RekomBeli : Product Recommendation on e-Commerce “KlikBeli”
Case Description
2023 is an exciting year for the company “KlikBeli”, an in-demand e-commerce platform. With great passion, “KlikBeli” is committed to providing customers with quality products. Over time, “KlikBeli” realized that there were significant challenges in sharing effective product promotions to increase the number of purchases. “KlikBeli” faced several challenges, namely the lack of a deep understanding of customer preferences and purchasing behavior. This makes it difficult for the company to determine the most attractive offers for each customer individually. In addition, “KlikBeli” struggles to manage and analyze large and complex customer data so the company does not have an efficient way to deliver promotions to customers. As a result, customers do not respond well to the promotions that have been carried out. Many customers are not interested or feel that the promotion is not relevant to them.
The Problem
The low sales conversion is due to the small number of customers who make purchases after receiving promotions. “KlikBeli” lacks the ability to analyze large customer data so that promotions are not relevant and targeted to each customer individually. As a result, the promotions do not respond to customers.
The Impact of Problem
Decrease in revenue, loss of customers, and inefficient promotional spending.
The Objective of Problem
- Earn more revenue by increasing the number of customers who make purchases after receiving promotions.
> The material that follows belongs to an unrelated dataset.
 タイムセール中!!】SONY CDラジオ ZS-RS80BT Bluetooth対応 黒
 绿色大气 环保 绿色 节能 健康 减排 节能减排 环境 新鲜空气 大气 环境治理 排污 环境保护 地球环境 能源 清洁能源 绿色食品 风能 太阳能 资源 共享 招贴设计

- Increase customer response to relevant and attractive product promotions.
- Reduce the cost of promotions that do not deliver the desired results by directing them to more appropriate target customers.
Expected Outcomes
- Increased the number of customers making purchases by 45%.
- Increase customer response to product promotions by 30%.
- Reduce promotion costs by 15%.
The Stakeholder
- Customer, a “KlikBeli” customer is a person or individual either from an organization, group, or agency who uses the “KlikBeli” platform to purchase products. Customer satisfaction is an important factor in the success of “KlikBeli”.
- Marketing team, “KlikBeli” marketing team is responsible for designing and implementing promotional marketing campaigns, developing promotional strategies, and understanding customer preferences.
- Management team, the “KlikBeli” management team is responsible for strategy and decision-making related to the “KlikBeli” platform.
- IT and development team, the IT and development team of “KlikBeli” conducts the development, testing, and maintenance of the system on the “KlikBeli” platform.
- Partners and suppliers, partners and suppliers who cooperate with “KlikBeli” in providing products and services.
- Investors, “KlikBeli” investors are parties who have an investment or financial interest in the “KlikBeli” company.
Objectives of Each Stakeholder
- The customer’s objective is to get relevant promotions and special offers, obtain quality products, get easy and convenient access in using the “KlikBeli” platform.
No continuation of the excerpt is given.